Limitations of Prior Work: Existing LVLM quantization methods (e.g., MBQ) measure token sensitivity only at the modality level (visual vs. text), overlooking complex cross-token interactions and inter-token differences in quantization sensitivity.
Key Challenge: As tokens interact across layers, modality boundaries gradually dissolve, and quantization sensitivity varies substantially even among tokens within the same modality—a phenomenon manifested in four observed aspects: massive activations, layer heterogeneity, sub-layer divergence, and token variability.
Goal: To accurately estimate quantization sensitivity at the token level and leverage this information to guide finer-grained channel-wise equalization.
Key Insight: Drawing from axiomatic attribution in mechanistic interpretability, integrated gradients are employed to quantify each token's sensitivity along the path from a quantized reference to the actual input.
Core Idea: Replace modality-level sensitivity estimation with Quantization-aware Integrated Gradients (QIG) to guide quantization calibration at the token level.
Method¶
Overall Architecture¶
The multimodal input sequence (visual + text + special tokens) is processed during calibration to compute per-token QIG scores → IQR clipping and normalization → token importance coefficients \(\lambda_i\) are incorporated into the channel-wise equalization objective → optimal quantization scaling factors are searched.
Key Designs¶
-
Quantization-aware Integrated Gradients (QIG):
-
Function: Quantifies each token's contribution to quantization error at the token level.
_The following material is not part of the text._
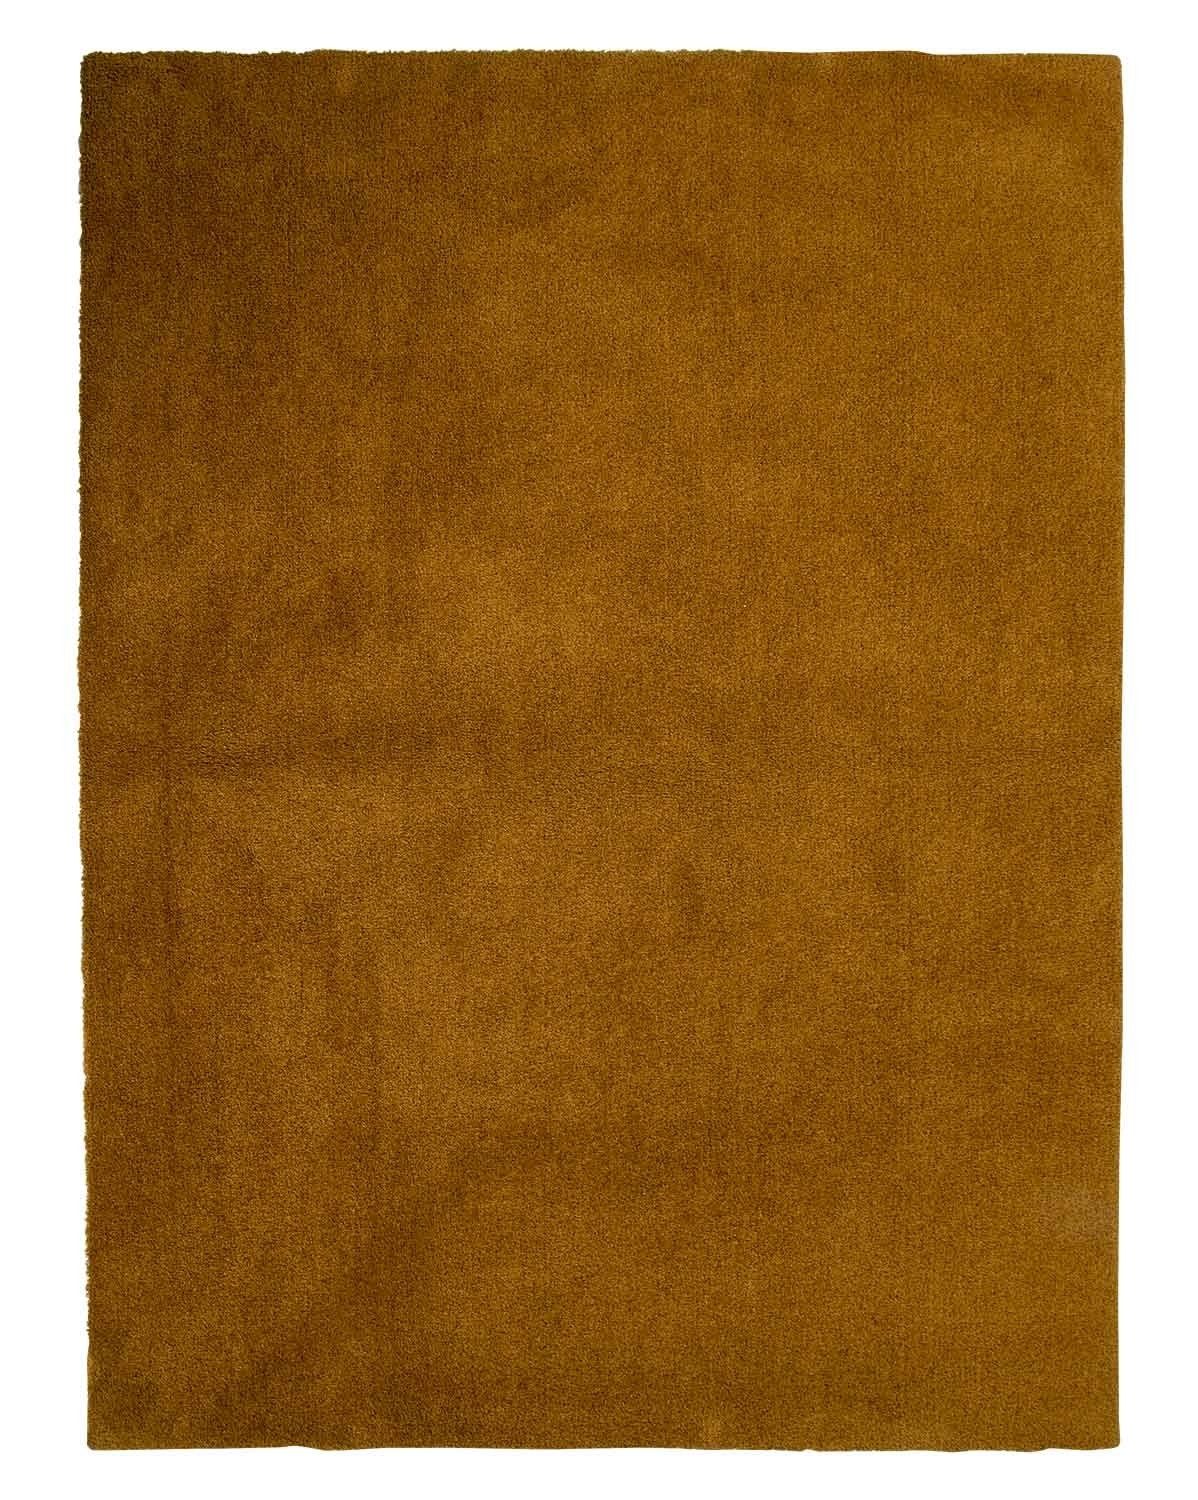 Teppich FEEL COSY, Polyester, Senffarben, 80 x 150 cm, Balta Rugs, rechteckig, Höhe: 11 mm Goldfarben
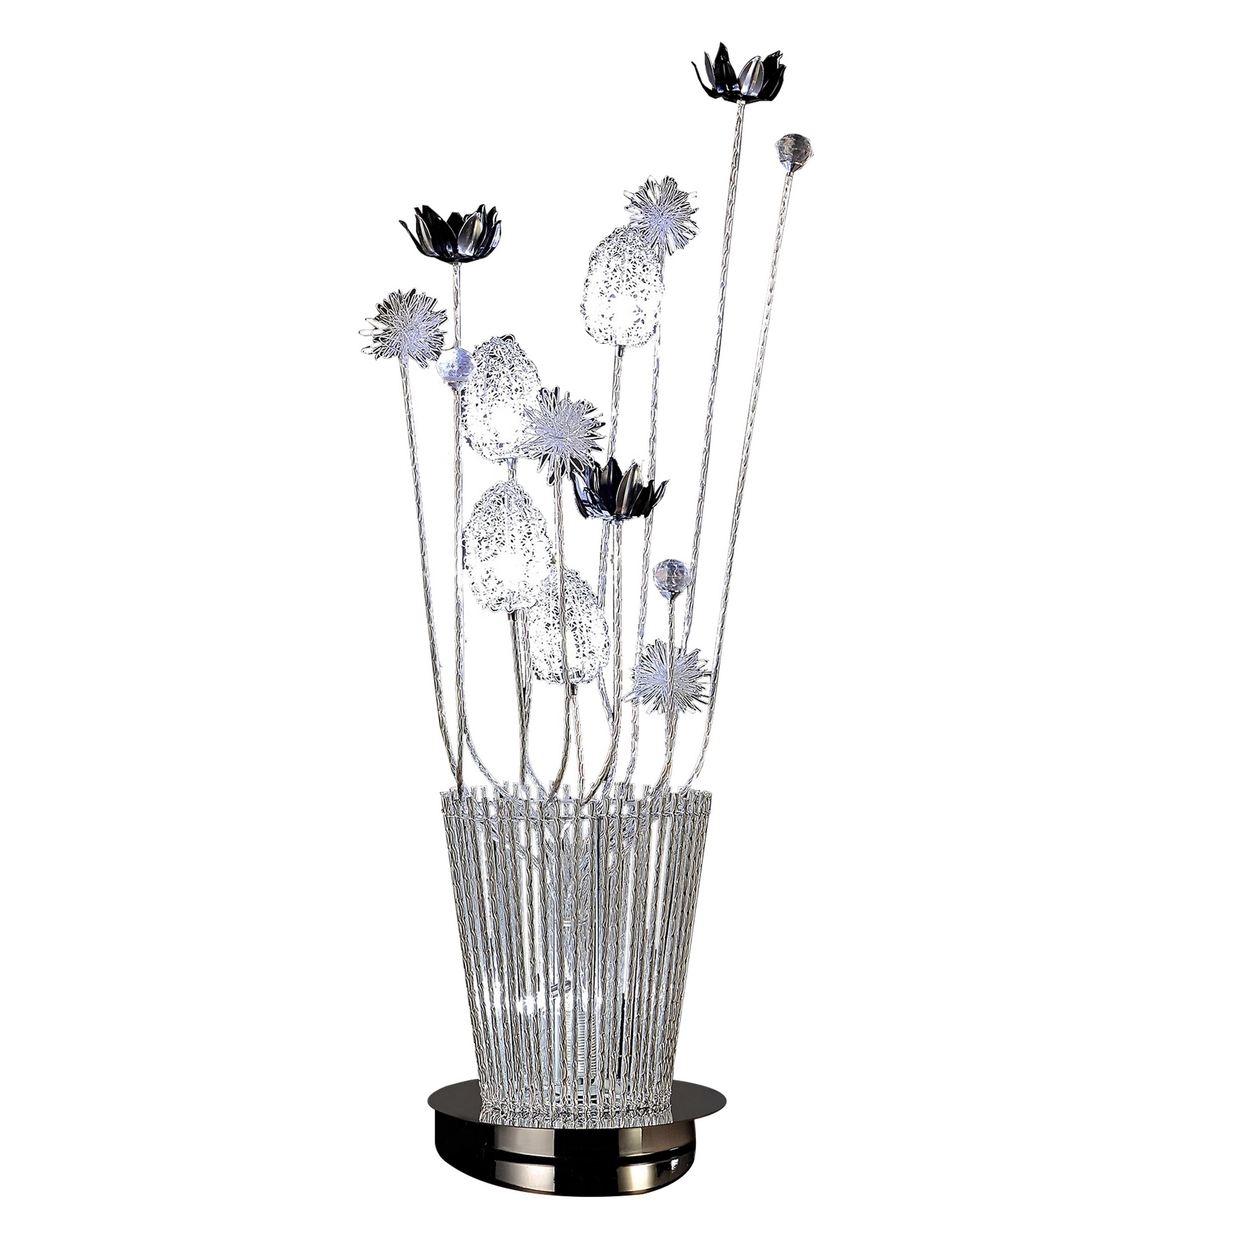 26 Inch Accent Table Lamp, Flower Vase Design, Metal, Chrome Finish -Saltoro Sherpi

- Mechanism: Unlike classical IG, which attributes full-precision predictions, QIG attributes the output discrepancy between the full-precision and quantized models. Gradients are integrated along the path from \(x^q\) (quantized input) to \(x\) (actual input): \(QIG(x) = (x - x^q) \int_0^1 \frac{\partial(f(x_\alpha, w) - f(x_\alpha, w^q))}{\partial x_\alpha} d\alpha\)
-
Design Motivation: Commonly used proxies such as gradients and attention exhibit weak correlation with quantization error, while perturbation-based methods, though accurate, are computationally expensive. QIG is directly linked to PTQ error and satisfies the completeness axiom.
-
IQR Clipping for Stabilization:
-
Function: Suppresses extreme values in QIG scores.
- Mechanism: Interquartile range clipping is applied as \(C(QIG_i) = \text{clip}(QIG_i, Q_1 - 1.5 \cdot IQR, Q_3 + 1.5 \cdot IQR)\), followed by normalization to obtain \(\lambda_i\).
-
Design Motivation: Raw QIG distributions are heavy-tailed, and a small number of extreme tokens can dominate the optimization.
-
Token-Level Weighted Channel-Wise Equalization:
-
Function: Integrates token importance coefficients \(\lambda_i\) into the CWE optimization objective.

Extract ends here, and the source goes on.